Researchers now have evidence that targeting a previously identified protein may provide a new switch to unlock the full potential of cells in the immune system to better fight cancer, possibly leading to new treatment methods with less side effects and lower costs.
When intrusions in the body are detected by the immune system, a type of white blood cell called a T cell—so named because it is generated in the thymus—changes into an activated state and attempts to defeat the intruders. To control and moderate the response in the activated state, a variety of molecules and proteins in the cells act as checkpoints.
However, researchers have been investigating if these checkpoints can be released by introducing a molecule that acts as an “immune checkpoint inhibitor” to get T cells to attack cancer cells as a new means for cancer treatment.
The immune checkpoint inhibitors studied to date have all been a form of antibody, a type of molecule that already plays a key role in the immune system, so there has been an interest in non-antibody inhibitors to possibly avoid side effects and decrease treatment costs seen so far with this approach.
In a study published online by Cancer Immunology, Immunotherapy on September 27, researchers at Kyushu University reported that targeting a protein called PTPN3 may provide a path to finding such an inhibitor.
“While previous results suggested PTPN3 may restrict T-cell function, there were no tests to show that removing it would actually help unleash human T cells to attack cancer,” says Hideya Onishi, who led the research.
In the study, the researchers showed that using methods to reduce PTPN3—which is short for protein tyrosine phosphatase non-receptor type 3—enhanced the activity of certain activated T cells, causing them to travel further and kill more unwanted cells.

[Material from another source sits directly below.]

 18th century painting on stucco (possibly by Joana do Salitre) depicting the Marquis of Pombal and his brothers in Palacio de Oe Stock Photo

Suppressing the production of PTPN3 in therapy experiments using patients’ tumors and T cells significantly increased the number of T cells that infiltrated the tumors and the T cells’ deadliness. This enhanced activation by PTPN3 suppression was observed only in T cells already activated by a cluster of molecules called CD3+ and not in resting T cells.

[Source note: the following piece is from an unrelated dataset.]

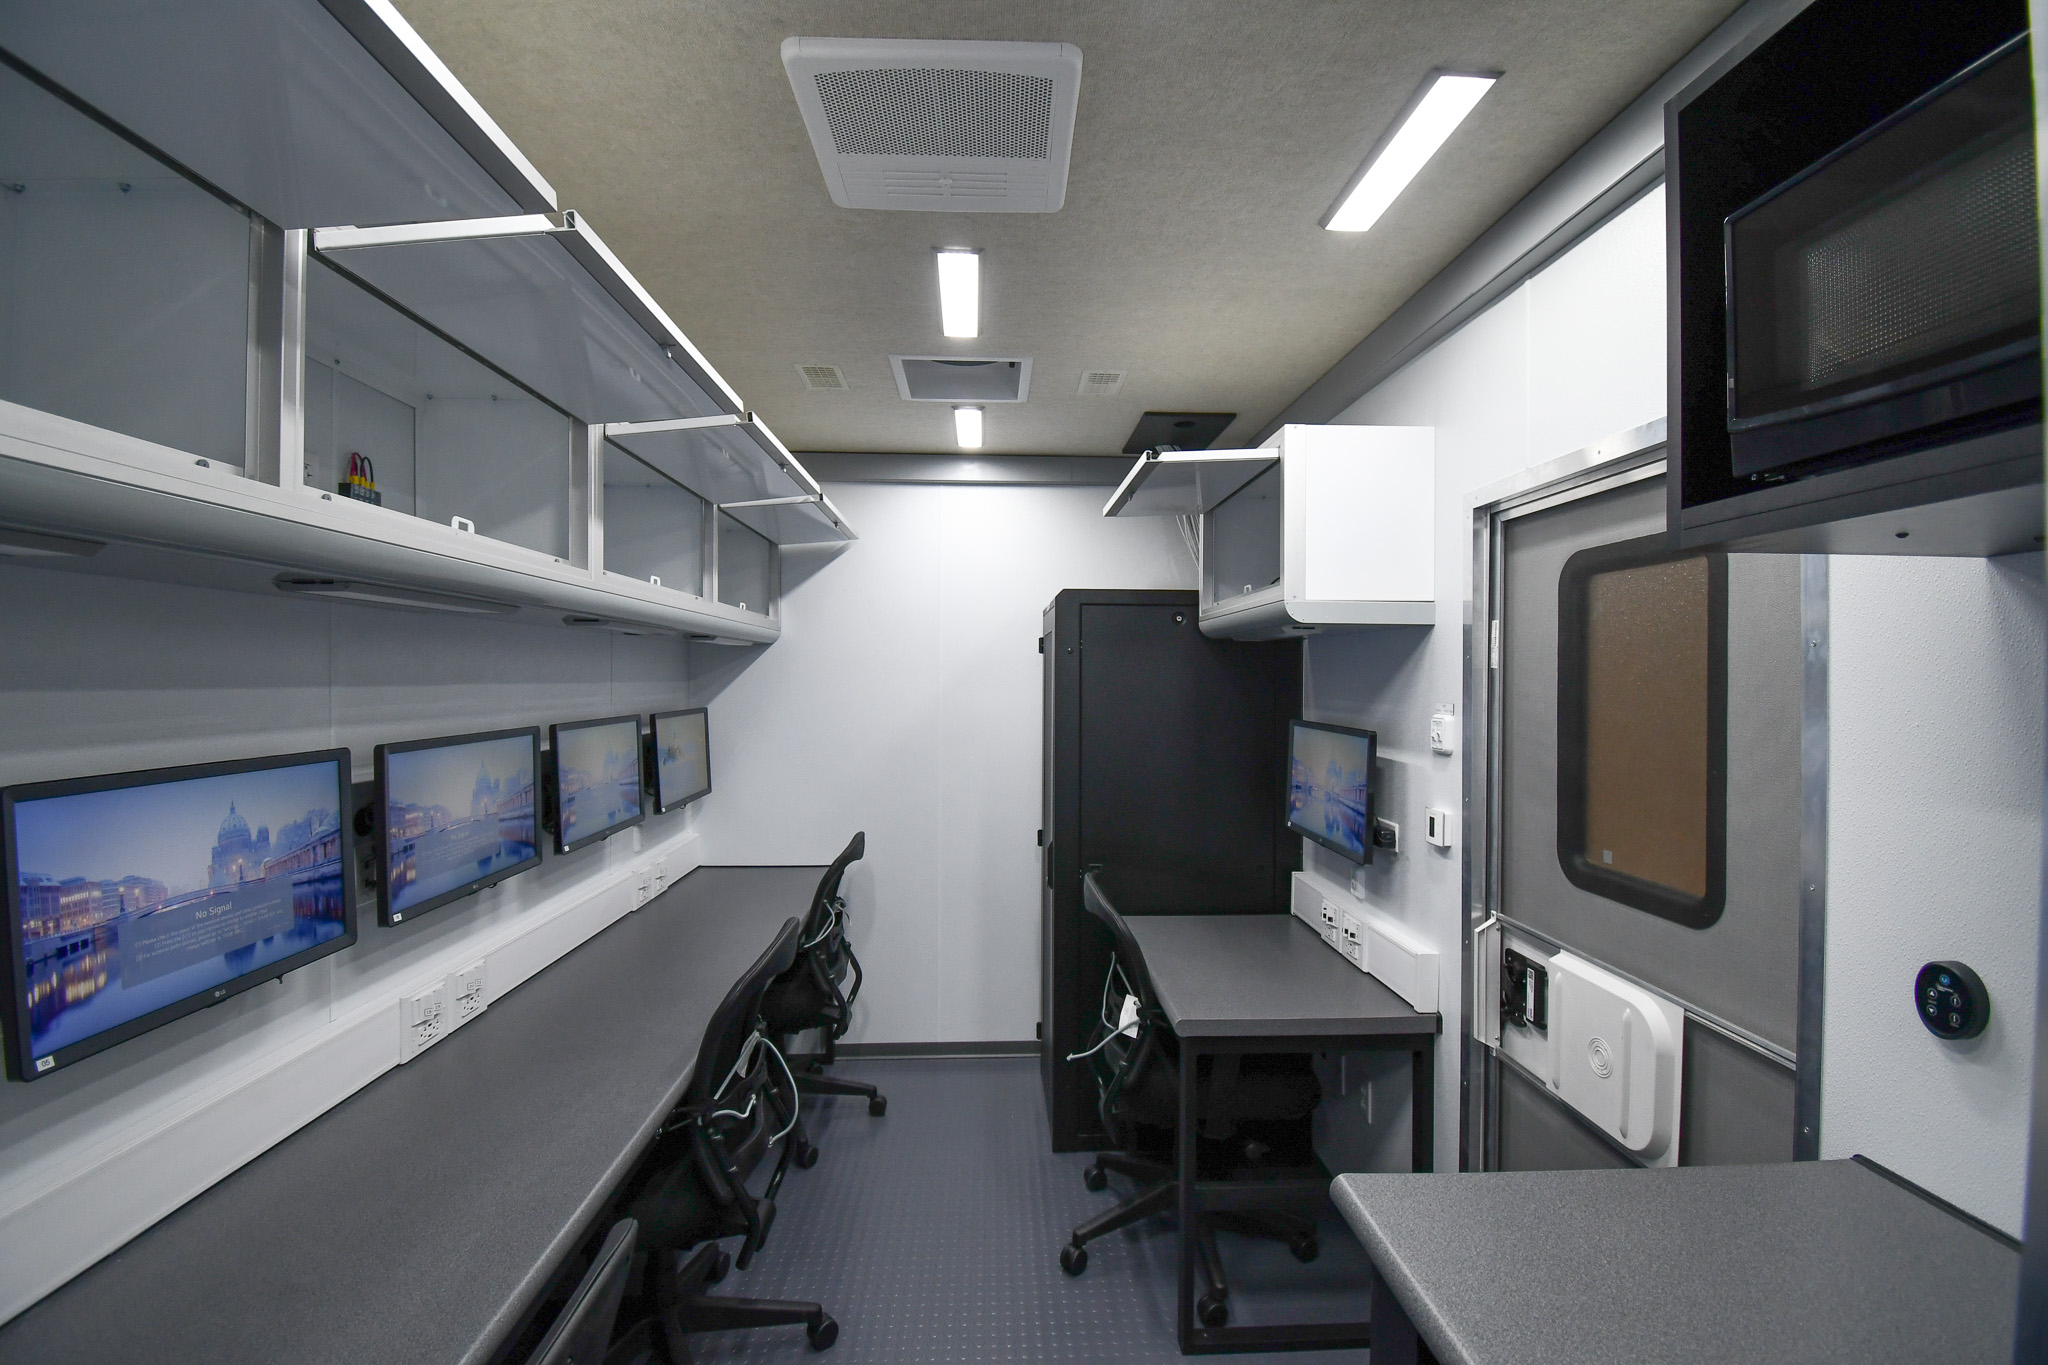 A view of the three workstations, kitchenette, and electronics rack cabinet inside the unit for Montgomery County, TN.

“Our results imply that PTPN3 acts as an immune checkpoint in activated T cells, providing a new target for cancer therapy with non-antibody-type immune checkpoint inhibitors,” states Onishi.
For more information about this research, see “PTPN3 expressed in activated T lymphocytes is a candidate for a non-antibody-type immune checkpoint inhibitor,” Akiko Fujimura, Kazunori Nakayama, Akira Imaizumi, Makoto Kawamoto, Yasuhiro Oyama, Shu Ichimiya, Masayo Umebayashi, Norihiro Koya, Takashi Morisaki, Takashi Nakagawa, and Hideya Onishi, Cancer Immunology, Immunotherapy 68, 1649 (2019), https://doi.org/10.1007/s00262-019-02403-y
Fig. 1. Tumors formed in mice injected with tumors from humans were significantly smaller when given T cells treated to reduce PTPN3 production (shPTPN3 group). Activated T cells were administered at 11, 14, 18, and 21 days after tumor injection (arrows).
Fig. 2. The number of CD3+ tumor-infiltrating-administrated T cells was significantly greater in the group treated to suppress PTPN3 (shPTPN3) than in the control group (shCont).